> _DATA_:
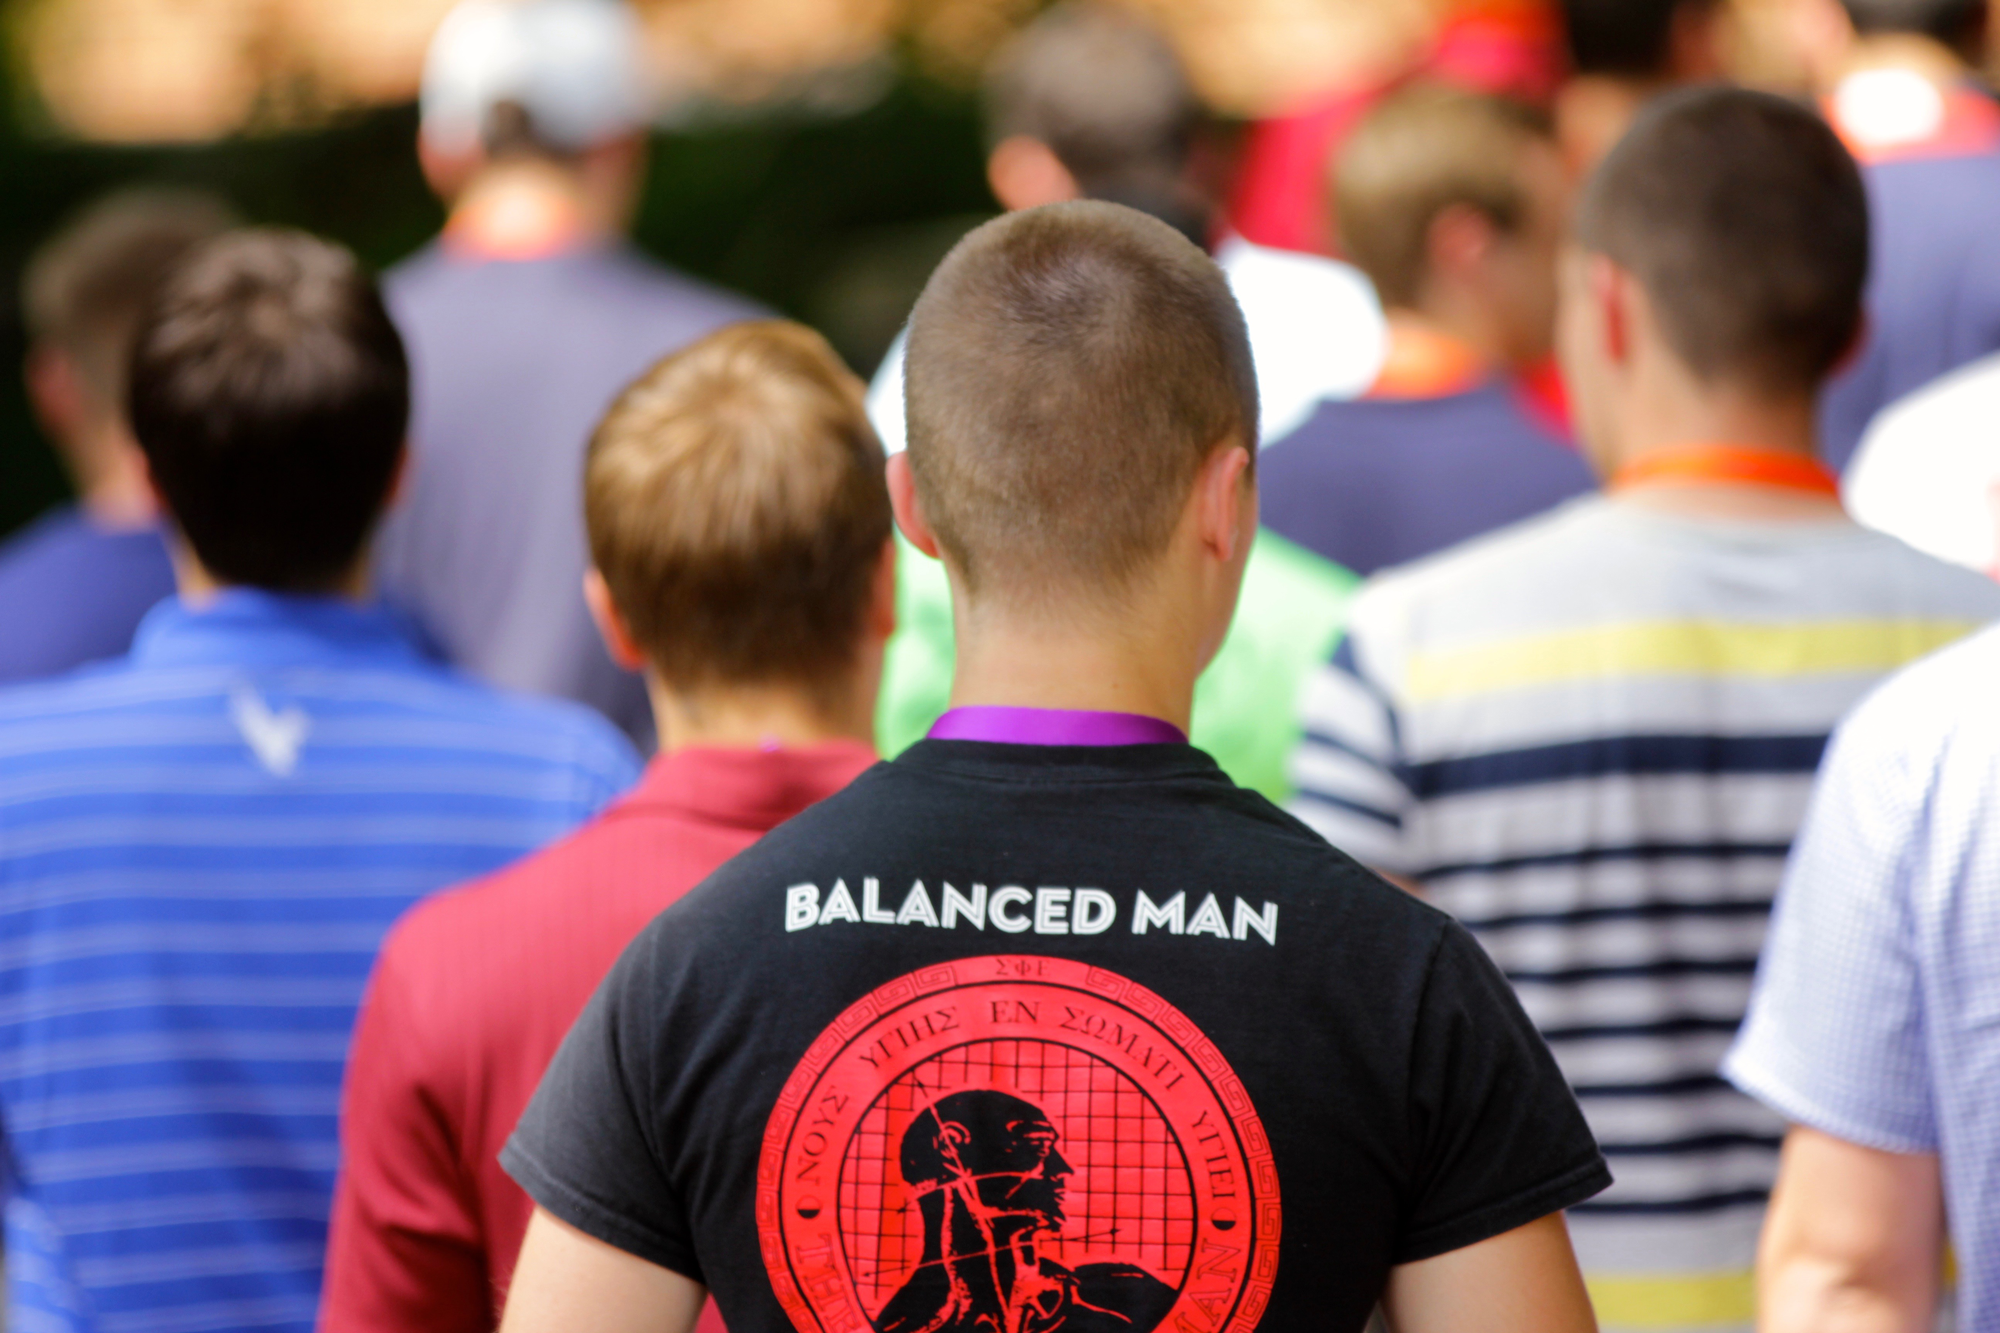 The Balanced Man Program
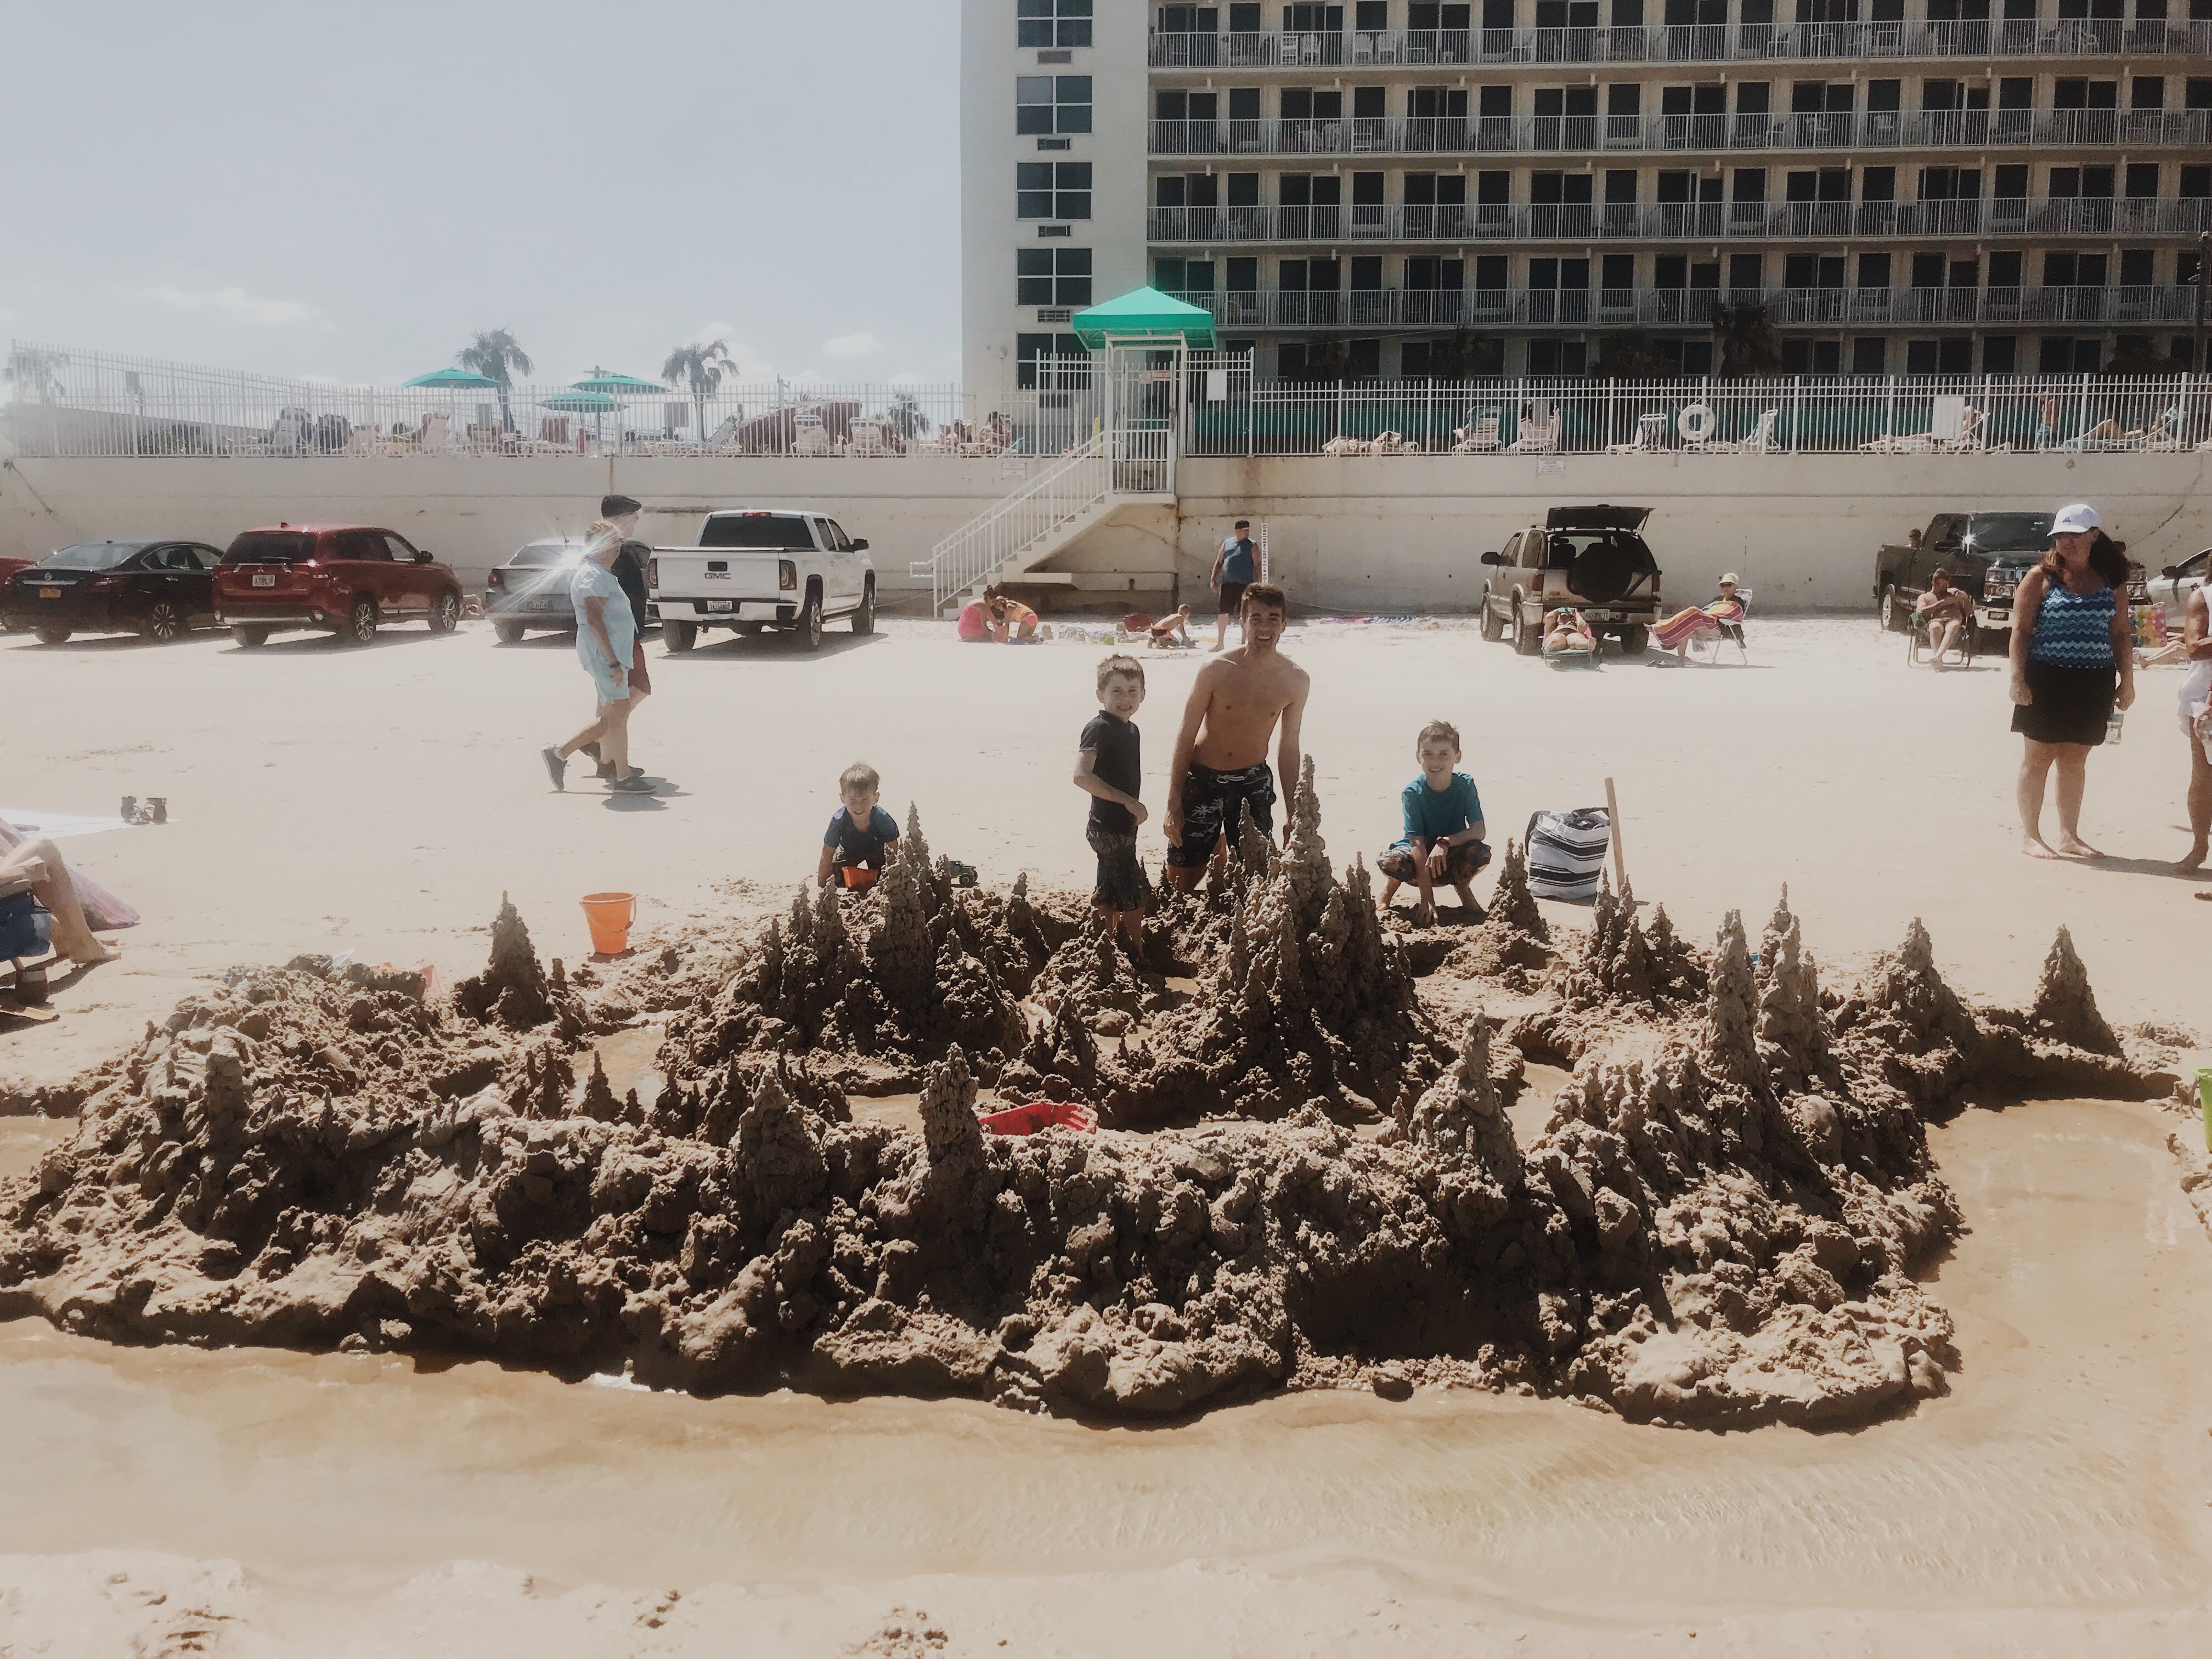 A group building an immense sand castle
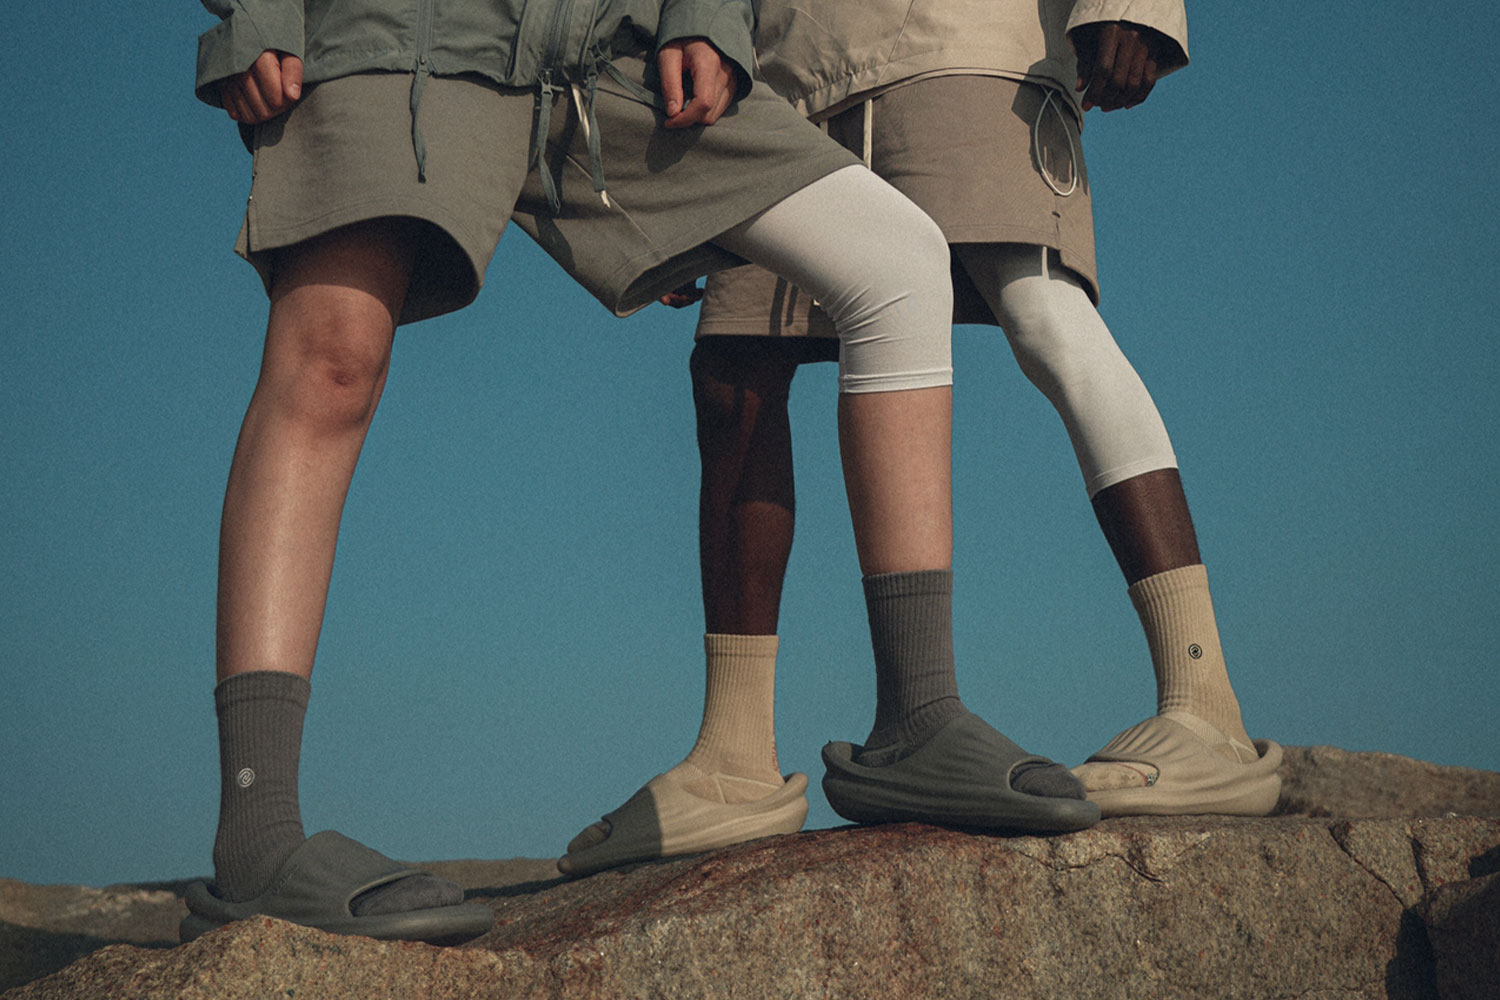 UZIS,The Step,GLACIER,DESERT,L  极致轻质软弹！UZIS 全新 “THE STEP” 运动拖鞋即将发售！

> _EXERCISE_:
Omit every picture while printing the data word for word.

> _ANSWER TO THE PROBLEM_:
 The Balanced Man Program
 A group building an immense sand castle
 UZIS,The Step,GLACIER,DESERT,L  极致轻质软弹！UZIS 全新 “THE STEP” 运动拖鞋即将发售！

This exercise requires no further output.